# Problem to work on
Copy out, from the data, each line containing the string "young".

# Material provided
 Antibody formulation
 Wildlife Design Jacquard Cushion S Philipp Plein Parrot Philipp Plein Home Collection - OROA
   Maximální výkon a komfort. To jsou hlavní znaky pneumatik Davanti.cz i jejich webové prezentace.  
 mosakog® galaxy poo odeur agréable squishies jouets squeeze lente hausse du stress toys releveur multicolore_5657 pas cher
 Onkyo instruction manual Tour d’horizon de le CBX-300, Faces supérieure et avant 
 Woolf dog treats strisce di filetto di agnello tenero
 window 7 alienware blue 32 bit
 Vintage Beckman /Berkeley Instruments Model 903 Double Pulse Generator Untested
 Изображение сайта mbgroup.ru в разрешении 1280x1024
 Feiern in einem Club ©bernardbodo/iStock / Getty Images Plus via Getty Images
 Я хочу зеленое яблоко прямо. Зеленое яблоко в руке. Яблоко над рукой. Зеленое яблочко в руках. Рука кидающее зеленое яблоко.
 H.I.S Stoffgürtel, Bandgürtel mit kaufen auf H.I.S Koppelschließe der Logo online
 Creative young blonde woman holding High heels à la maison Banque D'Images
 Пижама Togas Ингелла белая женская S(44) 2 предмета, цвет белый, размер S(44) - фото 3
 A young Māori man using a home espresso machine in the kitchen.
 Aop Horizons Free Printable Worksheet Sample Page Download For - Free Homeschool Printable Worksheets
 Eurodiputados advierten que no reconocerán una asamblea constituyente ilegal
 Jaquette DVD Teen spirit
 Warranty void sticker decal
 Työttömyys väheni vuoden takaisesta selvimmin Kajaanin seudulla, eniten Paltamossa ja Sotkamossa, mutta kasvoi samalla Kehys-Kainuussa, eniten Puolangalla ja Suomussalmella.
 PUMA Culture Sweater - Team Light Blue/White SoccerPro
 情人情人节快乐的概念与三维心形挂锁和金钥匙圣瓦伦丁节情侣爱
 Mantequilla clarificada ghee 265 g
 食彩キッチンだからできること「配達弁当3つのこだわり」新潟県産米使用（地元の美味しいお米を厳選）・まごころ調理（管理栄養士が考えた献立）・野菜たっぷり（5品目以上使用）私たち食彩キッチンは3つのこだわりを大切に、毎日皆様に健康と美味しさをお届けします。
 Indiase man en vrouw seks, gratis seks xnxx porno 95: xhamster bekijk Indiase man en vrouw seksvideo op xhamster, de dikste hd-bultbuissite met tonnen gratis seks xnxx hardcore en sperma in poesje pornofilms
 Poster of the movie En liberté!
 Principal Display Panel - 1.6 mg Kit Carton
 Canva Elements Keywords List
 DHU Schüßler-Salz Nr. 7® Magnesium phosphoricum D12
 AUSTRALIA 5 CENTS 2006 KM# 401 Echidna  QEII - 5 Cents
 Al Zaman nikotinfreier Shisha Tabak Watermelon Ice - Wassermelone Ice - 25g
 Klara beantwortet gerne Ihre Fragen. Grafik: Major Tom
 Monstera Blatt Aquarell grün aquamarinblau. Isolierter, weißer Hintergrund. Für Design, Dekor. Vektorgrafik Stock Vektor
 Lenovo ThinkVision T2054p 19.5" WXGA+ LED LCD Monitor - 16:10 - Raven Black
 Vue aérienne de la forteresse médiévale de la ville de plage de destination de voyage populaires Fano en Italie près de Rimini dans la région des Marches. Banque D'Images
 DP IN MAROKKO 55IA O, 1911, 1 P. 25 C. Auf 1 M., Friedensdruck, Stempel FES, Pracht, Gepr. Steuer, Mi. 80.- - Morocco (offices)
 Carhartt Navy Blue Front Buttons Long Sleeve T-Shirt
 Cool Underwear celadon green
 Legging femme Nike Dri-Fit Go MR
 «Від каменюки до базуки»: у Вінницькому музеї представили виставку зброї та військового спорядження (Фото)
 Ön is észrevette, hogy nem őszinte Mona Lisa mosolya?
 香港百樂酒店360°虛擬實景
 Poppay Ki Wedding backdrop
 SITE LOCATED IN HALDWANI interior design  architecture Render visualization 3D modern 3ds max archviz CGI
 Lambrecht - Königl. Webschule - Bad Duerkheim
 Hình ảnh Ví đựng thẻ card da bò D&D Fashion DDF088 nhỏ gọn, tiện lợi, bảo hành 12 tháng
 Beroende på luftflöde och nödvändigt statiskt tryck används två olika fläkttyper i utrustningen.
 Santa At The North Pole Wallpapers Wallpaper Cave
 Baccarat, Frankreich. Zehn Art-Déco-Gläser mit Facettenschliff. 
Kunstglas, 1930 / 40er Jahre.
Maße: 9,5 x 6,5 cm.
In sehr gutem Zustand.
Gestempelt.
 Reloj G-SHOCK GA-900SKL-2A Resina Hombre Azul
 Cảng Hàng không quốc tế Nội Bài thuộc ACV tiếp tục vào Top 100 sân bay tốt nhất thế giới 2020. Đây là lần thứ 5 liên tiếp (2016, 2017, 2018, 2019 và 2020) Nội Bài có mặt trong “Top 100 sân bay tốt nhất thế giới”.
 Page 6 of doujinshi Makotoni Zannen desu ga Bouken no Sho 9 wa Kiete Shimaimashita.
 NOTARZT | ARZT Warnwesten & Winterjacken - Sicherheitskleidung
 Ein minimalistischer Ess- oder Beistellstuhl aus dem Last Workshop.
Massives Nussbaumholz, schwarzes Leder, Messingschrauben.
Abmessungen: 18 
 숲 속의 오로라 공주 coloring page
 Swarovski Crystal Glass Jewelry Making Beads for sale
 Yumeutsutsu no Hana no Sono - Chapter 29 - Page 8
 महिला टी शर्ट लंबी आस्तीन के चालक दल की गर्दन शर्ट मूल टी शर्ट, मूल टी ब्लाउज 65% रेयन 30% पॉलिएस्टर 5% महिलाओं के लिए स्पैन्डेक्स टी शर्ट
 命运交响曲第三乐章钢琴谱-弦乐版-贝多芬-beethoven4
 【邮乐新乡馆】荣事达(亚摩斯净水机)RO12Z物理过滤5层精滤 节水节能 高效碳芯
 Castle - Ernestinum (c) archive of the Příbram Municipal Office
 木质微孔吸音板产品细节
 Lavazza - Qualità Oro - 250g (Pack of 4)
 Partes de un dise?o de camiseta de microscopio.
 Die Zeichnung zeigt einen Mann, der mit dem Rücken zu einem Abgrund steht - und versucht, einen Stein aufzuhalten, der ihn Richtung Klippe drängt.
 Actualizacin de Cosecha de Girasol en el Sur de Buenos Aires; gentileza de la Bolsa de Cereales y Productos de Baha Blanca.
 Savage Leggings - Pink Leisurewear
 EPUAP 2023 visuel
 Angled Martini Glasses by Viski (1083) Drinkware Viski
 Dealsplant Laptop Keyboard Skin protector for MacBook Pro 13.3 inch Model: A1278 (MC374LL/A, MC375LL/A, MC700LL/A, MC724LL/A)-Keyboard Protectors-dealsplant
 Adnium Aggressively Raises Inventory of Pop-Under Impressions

# Response to this task
 Creative young blonde woman holding High heels à la maison Banque D'Images
 A young Māori man using a home espresso machine in the kitchen.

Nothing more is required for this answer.